Расскажите про созданные вами «украинские деньги». Вы хотели, чтобы ими можно было расплатиться?
Первыми иностранными купюрами, которые я увидел, были новые польские банкноты, потом итальянские лиры с Караваджо. А на дворе был 1984 год, у нас были только советские рубли, причем достаточно неумело и плохо сделанные.
Одновременно мне попались на глаза придуманные Георгием Нарбутом деньги УНР 1917 года. И вот я подумал: почему бы свою личную жизнь, портреты любимых девушек, не сделать проектом будущих денег?

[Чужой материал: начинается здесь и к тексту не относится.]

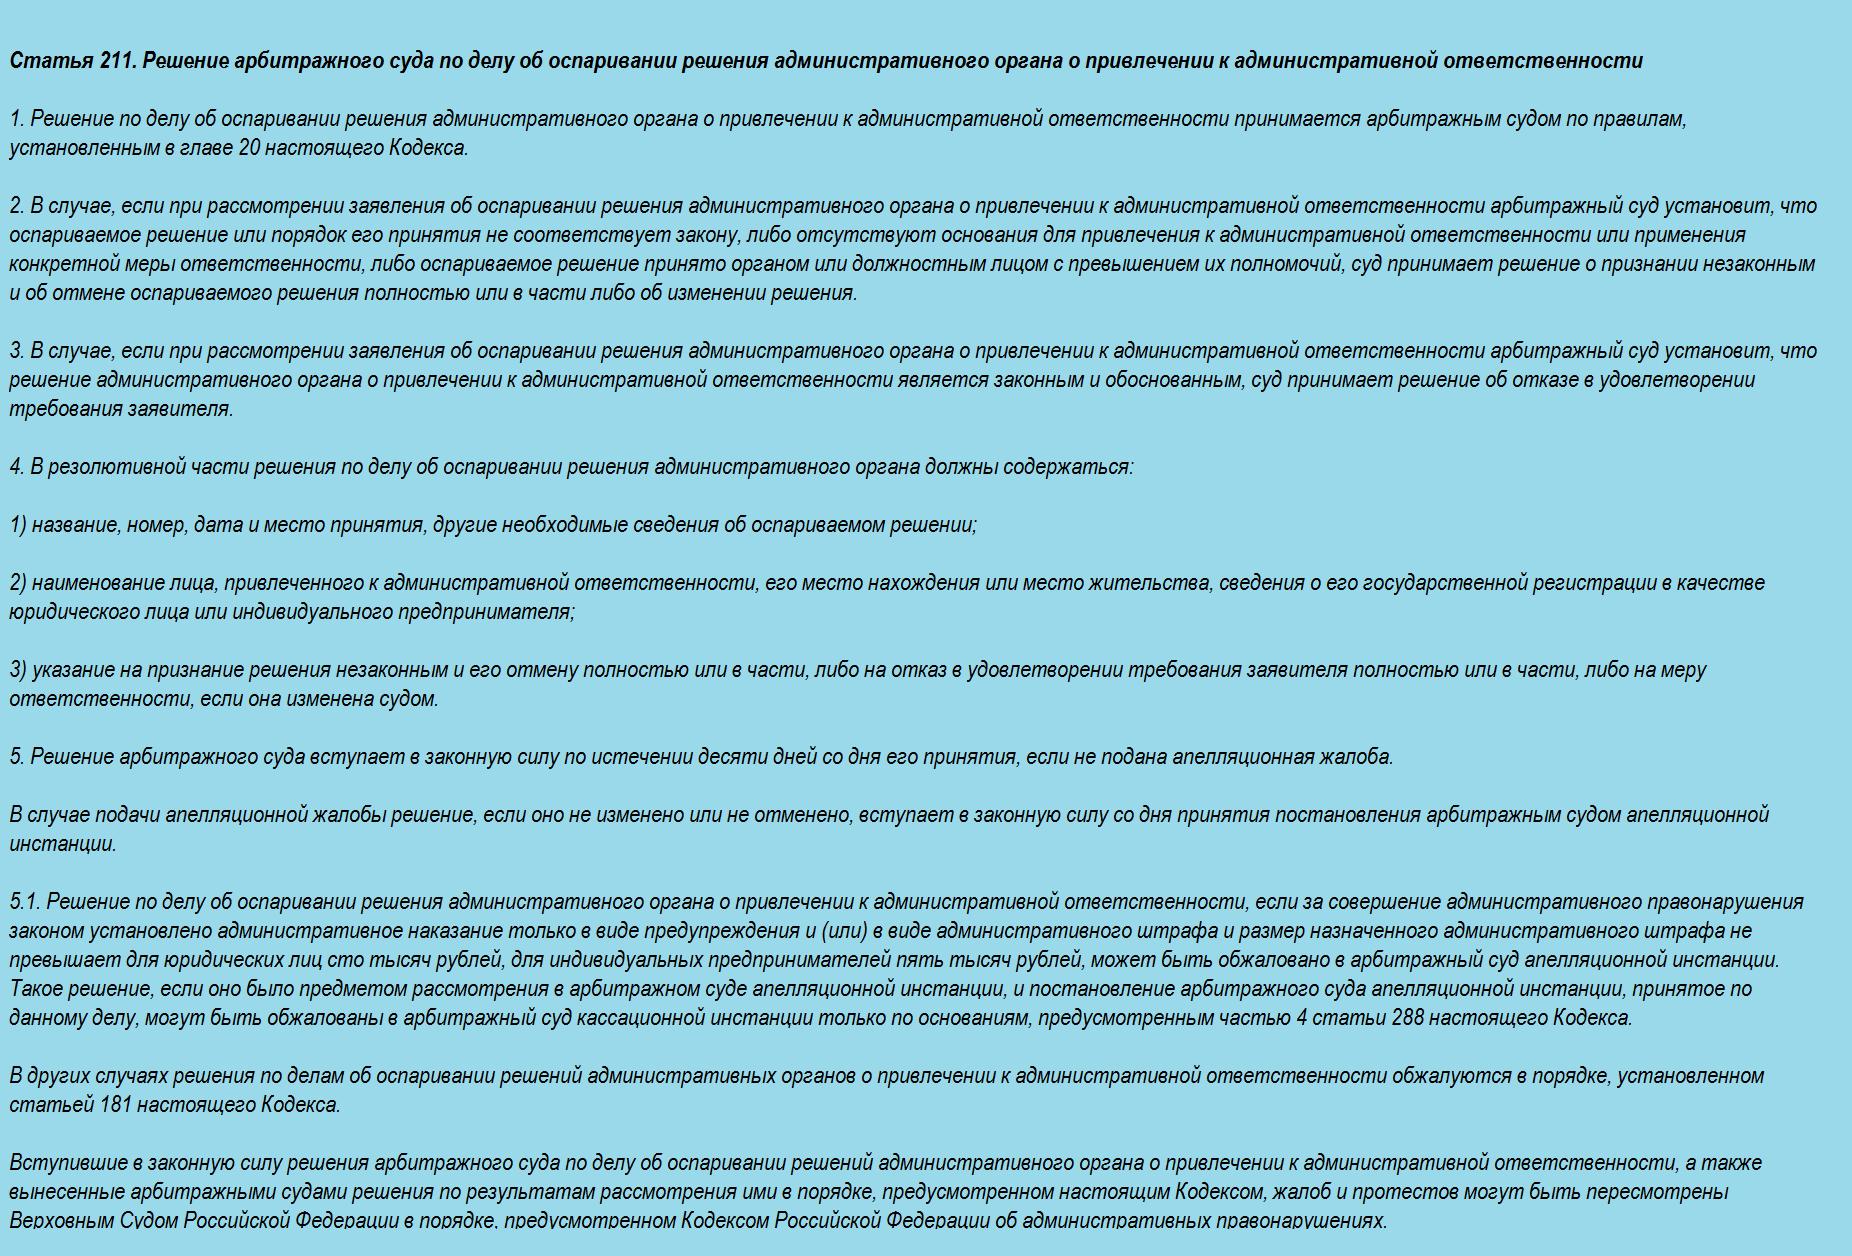 Статья 211 АПК РФ
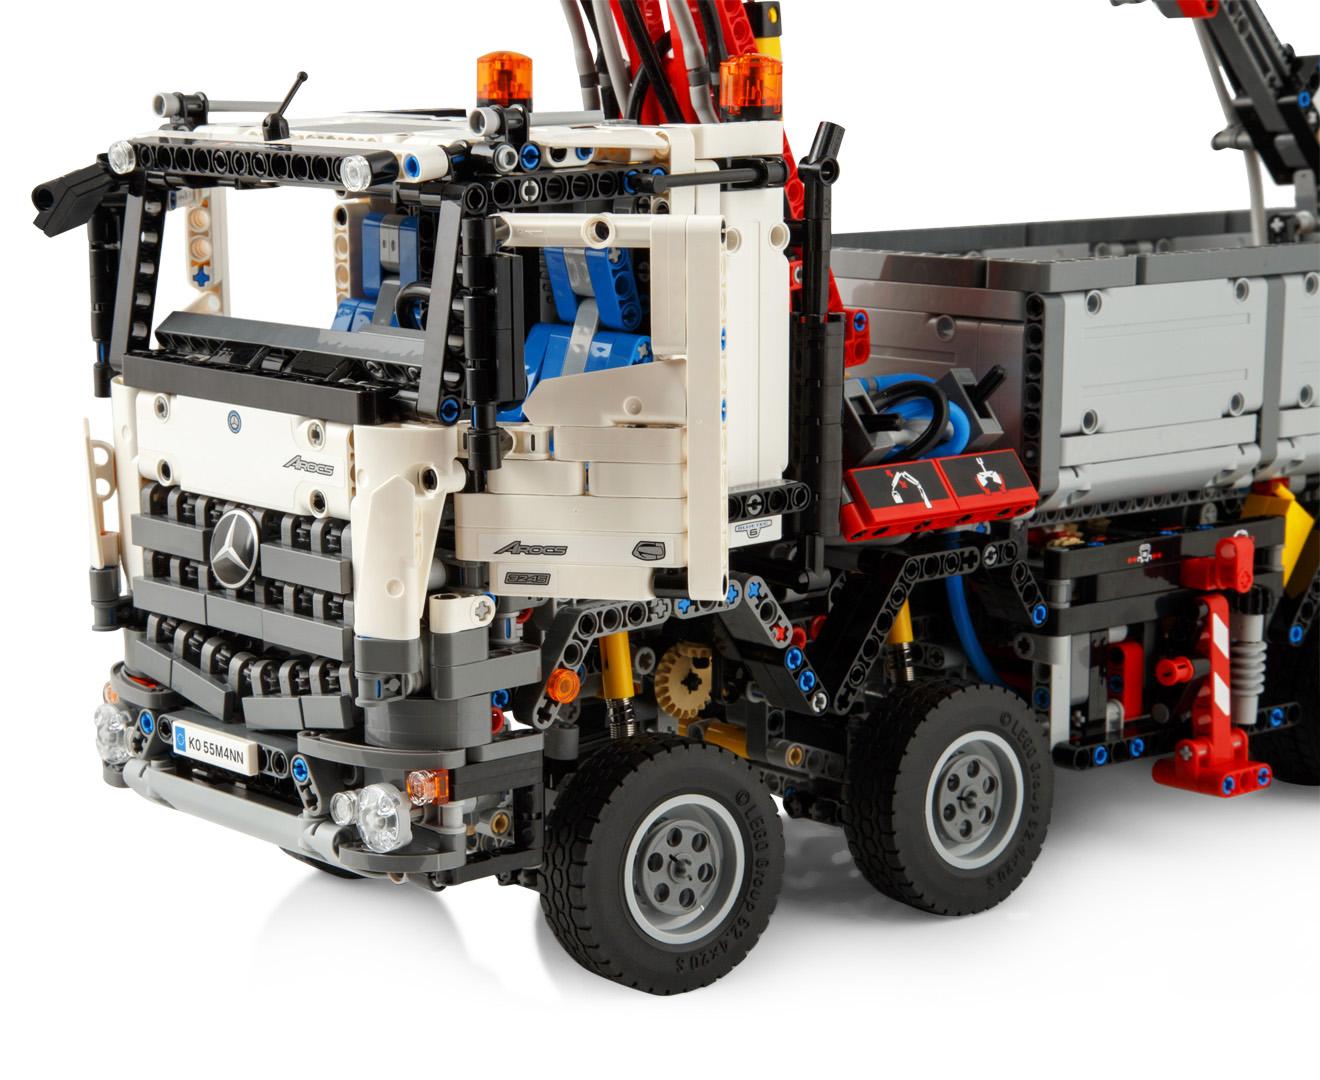 Lego technic mercedes benz arocs 3245 building set for Lego technic mercedes benz arocs

Это эстетика непрямого протеста. Таким же протестом было слушать в те времена Led Zeppelin или Genesis. Тут важно ощущение глубокого андеграунда, когда твой артефакт превращается в сидячий, лежачий или буйный протест.
В итоге «украинские деньги» выросли в изделия огромного формата. Тогда умирала эпоха, и был острый интерес к исторической тематике — такую возможность нельзя было упускать. Концепция для проекта была примитивной, сырой, но эффективной: «Деньги — это самая важная картина страны».
Сейчас проект, на мой взгляд, завершен. Если кому-то снова нужны украинские деньги, то пусть их делают современные молодые художники: Степан Рябченко, Роман Минин, Жанна Кадырова, Юрий Пикуль. Они реализуют идеи очень хорошо.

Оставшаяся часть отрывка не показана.